On Wed, Sep 07, 2005 at 04:39:51PM -0400, Stuart D. Gathman wrote:

But at least they delegate (it is T1 based - so there is some provider
competition).  Most of our customers are not so lucky.

Couldn't they still send their outgoing mail through a third party who 
has such control ?  

Is there something about that that doesn't work, or is it just a cost 
question ?

We do that for problem cases - just add an entry to sendmail mailertable
that says send mail for this domains over to our T1 mail server.
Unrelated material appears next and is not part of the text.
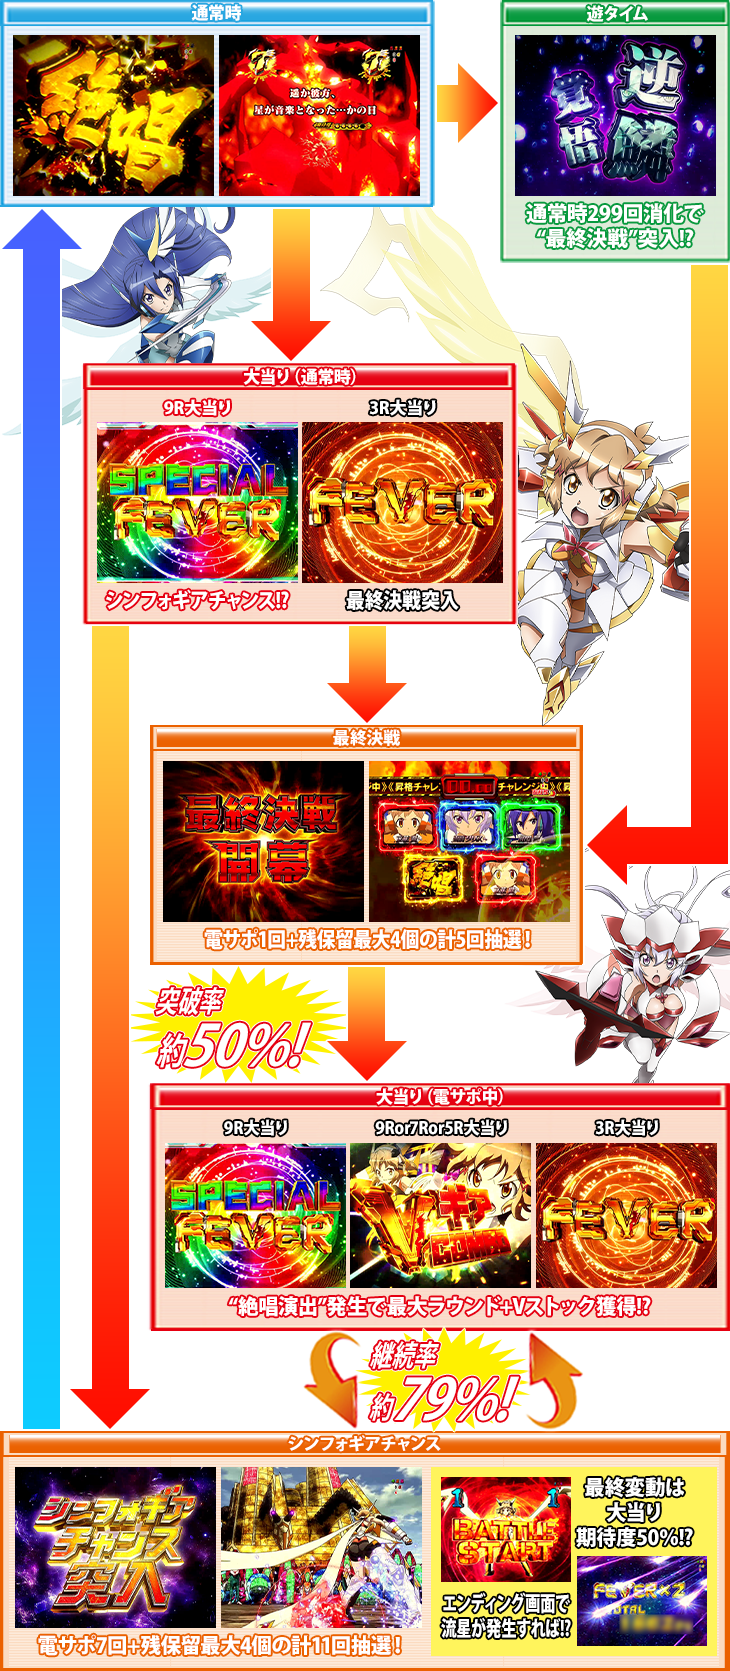 パチンコPフィーバー戦姫絶唱シンフォギア(甘デジ)のゲームフロー
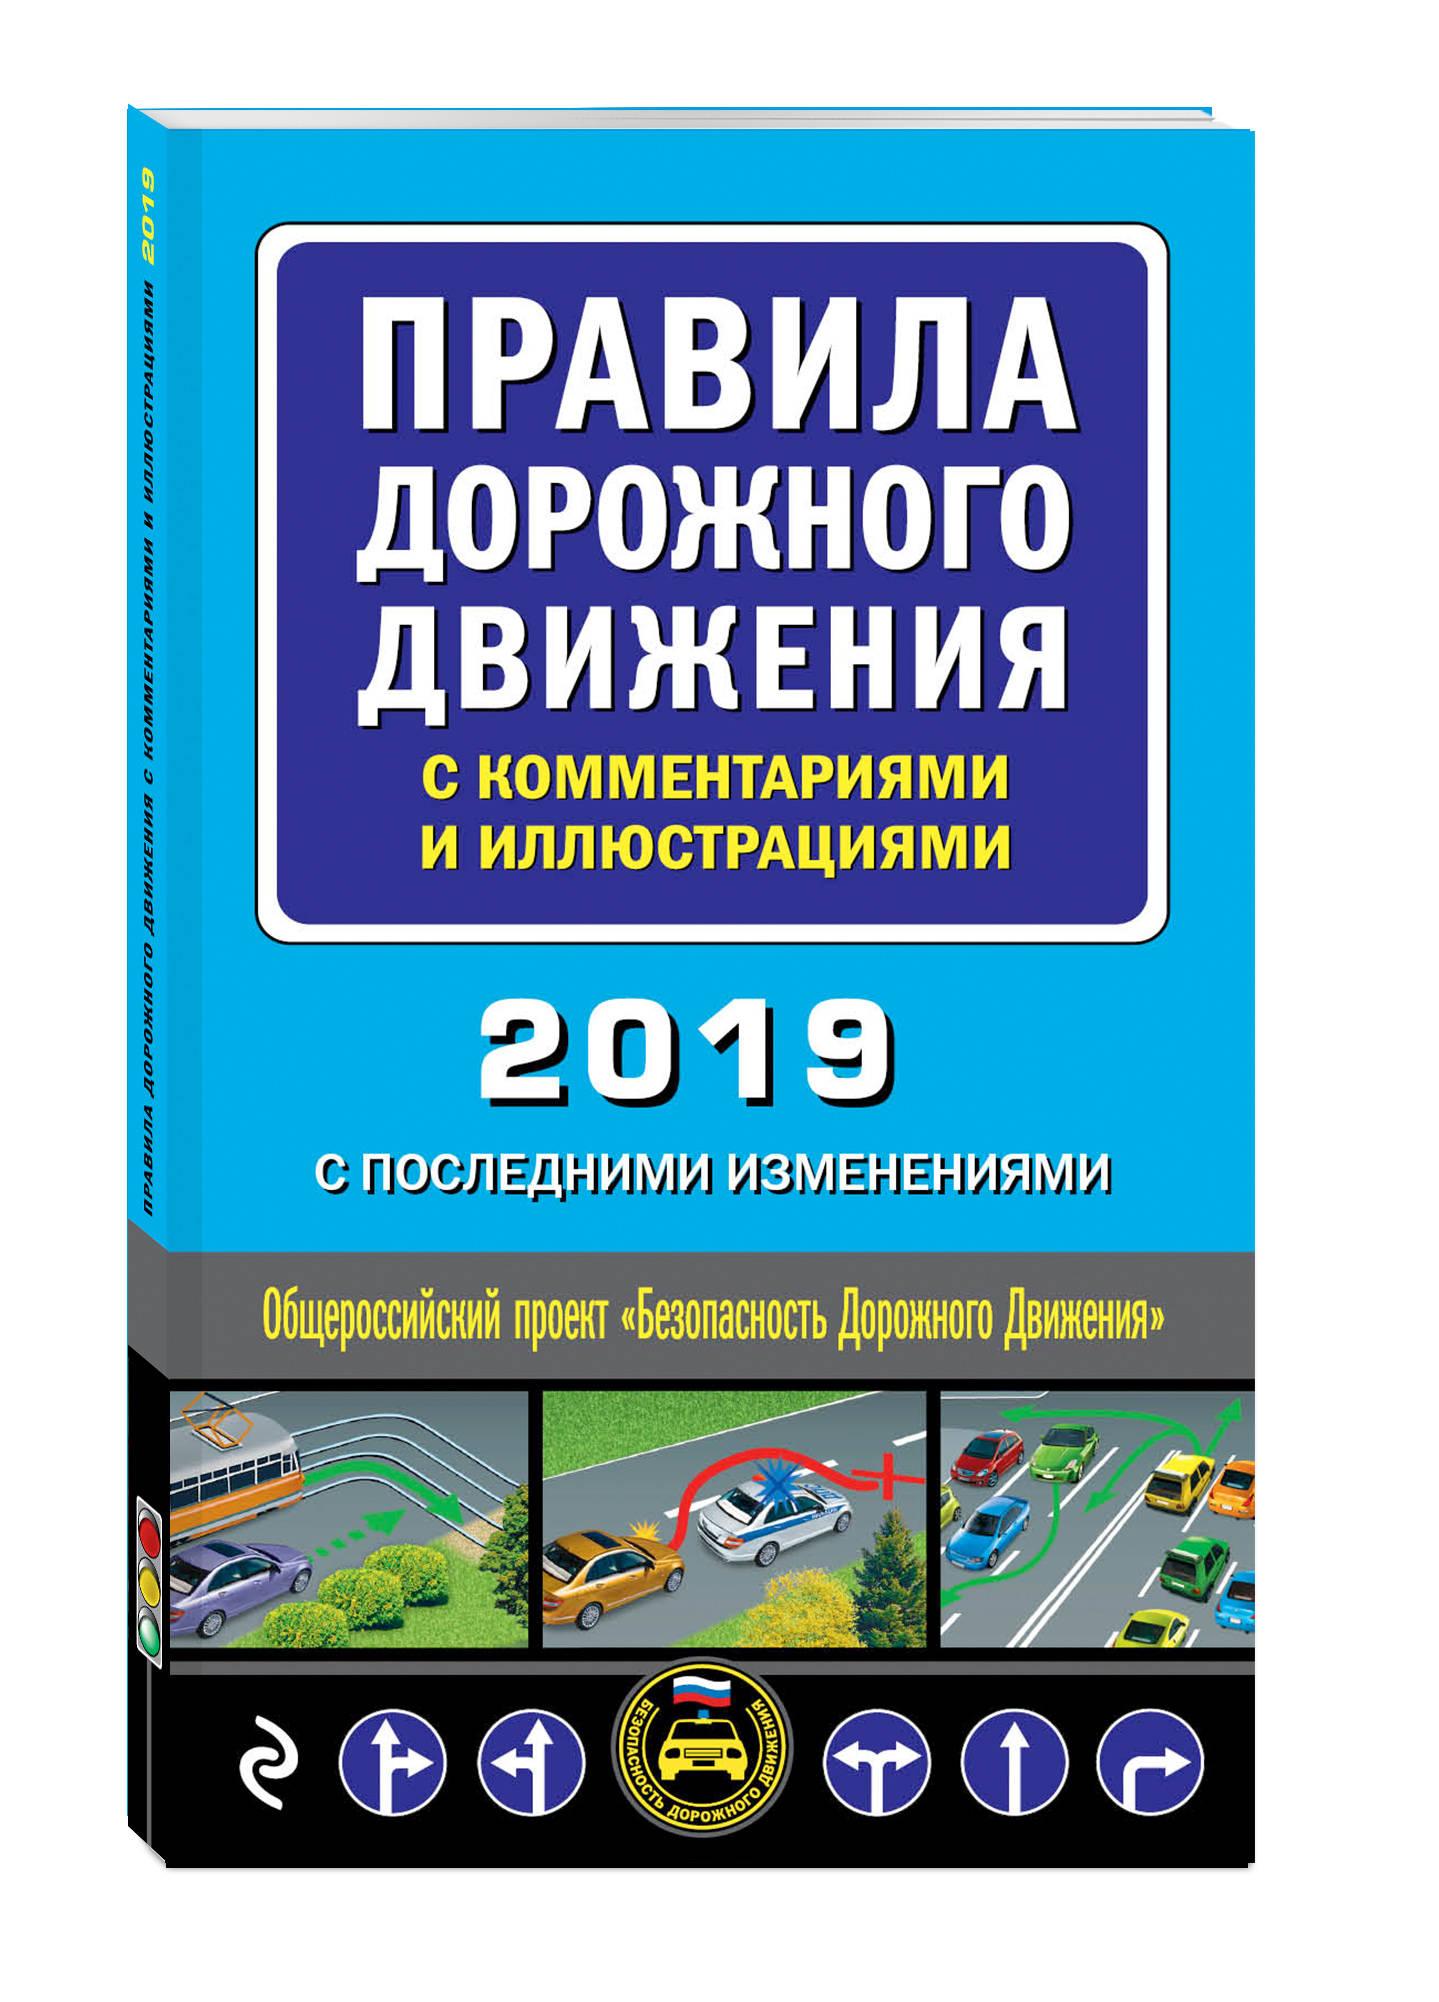 Правила дорожного движения с комментариями и иллюстрациями (с последними изменениями на 2019 г.) семенов и учебник по устройству легкового автомобиля с цветными иллюстрациями

But the bandwidth adds up.

FWIW, our base email bandwidth is 56K bits/sec - this is how much we consume
rejecting 30000+ bogus connections per day in SMTP envelope, with 
no actual legitimate mail getting transferred.  If I limit the connection
rate, then the latency for legitimate mail goes up by 5 or 10 minutes (I
know, big deal, but customers complain).

        WILD IDEA

I had this kooky idea.  Suppose I designate port 25 as the "bulk rate"
email port, and limit the connection rate.  Then I designate another
port, say 587, as the "first class" email port.  I could configure all
my MTAs to use port 587, and try to explain to their business associates
how to use the first class port.  If they can't figure it out, well,
the bulk rate port is still available (with some latency issues).

Port 587 would require rock solid id.  All clients MUST have valid
EHLO FQDN *and* get SPF PASS - no neutral/softfail.

Sure, if it catches on, spammers will start using it too,
but not anonymously.  They'll get blacklisted from first class with the
first spam.  So when spammers start using the "first class" port,
we'll be back to continuously rejecting bogus connections on it.  BUT,
we'll have smoothly made a transition to fully authenticated email -
and without breaking *any* traditional email.

-- 
              Stuart D. Gathman <stuart(_at_)bmsi(_dot_)com>
    Business Management Systems Inc.  Phone: 703 591-0911 Fax: 703 591-6154
"Confutatis maledictis, flamis acribus addictis" - background song for
a Microsoft sponsored "Where do you want to go from here?" commercial.